Being created in the image of God means that we must view ourselves as intrinsically valuable and richly invested with meaning, potentially and responsibilities. We are to be and to do on a finite scale, what God is and does on an infinite scale. By virtue of being created in the image of God, human beings are capable of reflecting his character in their own life; animals possess none of these qualities. What distinguishes people from animals is the fact that human nature inherently has godlike possibilities. Omniscience omnipotence, or omnipresence, none of these other divine attributes have been ascribed to man as part of the image of God. We have been created to reflect God in our thinking and actions, but the physical sustained by God and dependent upon him for our existence in this world and in the world to come. Developing a godly character in this present life, this will be our personal identity in the world to come. It is the character or personality that we have developed in this life, that God preserves in his memory.
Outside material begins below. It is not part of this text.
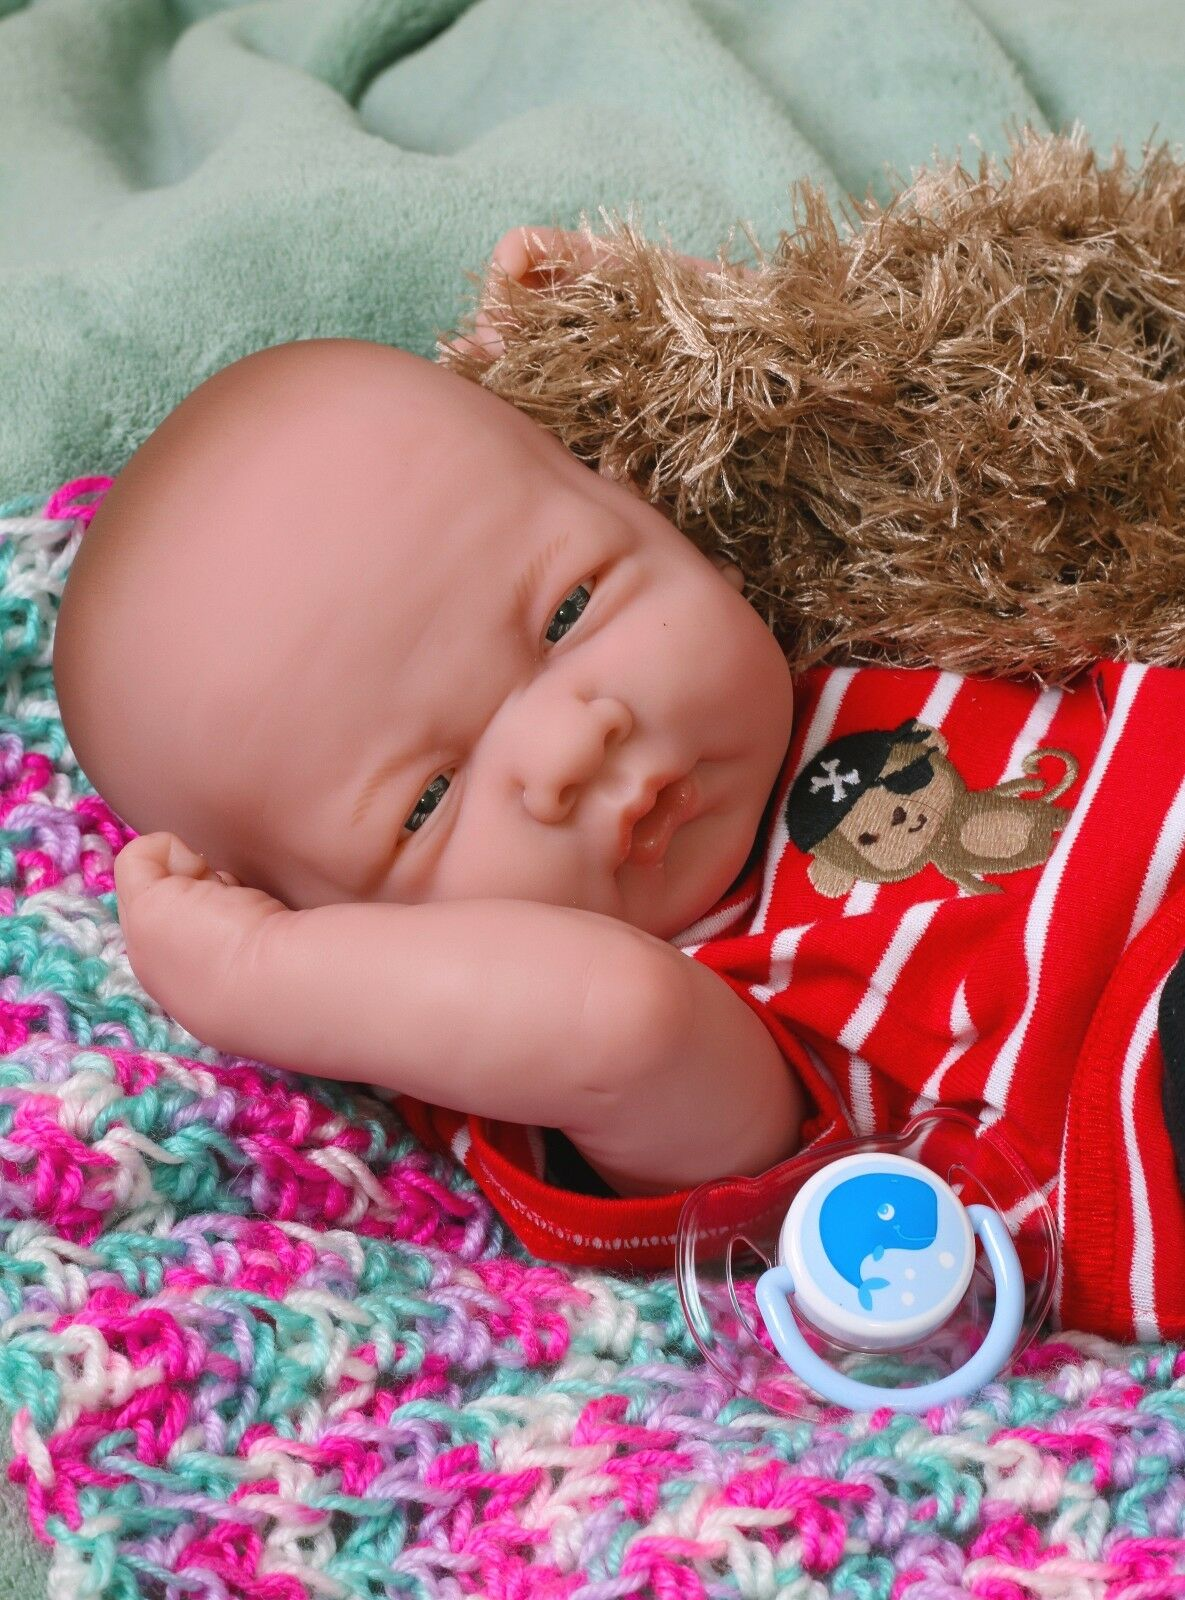 Bambino Bambola Berenguer 14    Reale Alive Morbido Vinile Prem. Fatto a uomoo  autentico

Breath of life and the living soul; man’s soul is in his blood and indeed his blood is his soul. He is kept in being [alive] as a living soul by the inhalation of oxygen out of the air. Man’s soul depends on this intake of oxygen and the blood, but the cessation of breathing results in the death of the soul, because the blood, which is equated with the soul, no longer receives the oxygen that is so vital for life. Breathing is seen as a manifestation of the sustaining power of God. Man became a living soul does not mean that at creation his body was endowed with an immortal soul, a separate entity, distinct from the body. Rather, it means that as a result of the divine inbreathing of the “breath of life” into the lifeless body, man became a living, breathing being. The heart began to beat, the blood to circulate, the brain to think, and all the vital signs of life were activated. A living soul means a living being. Not through the implantation of an immaterial, immortal soul into his material, mortal body, but through the animating principle of life “breath of life” conferred on him by God himself.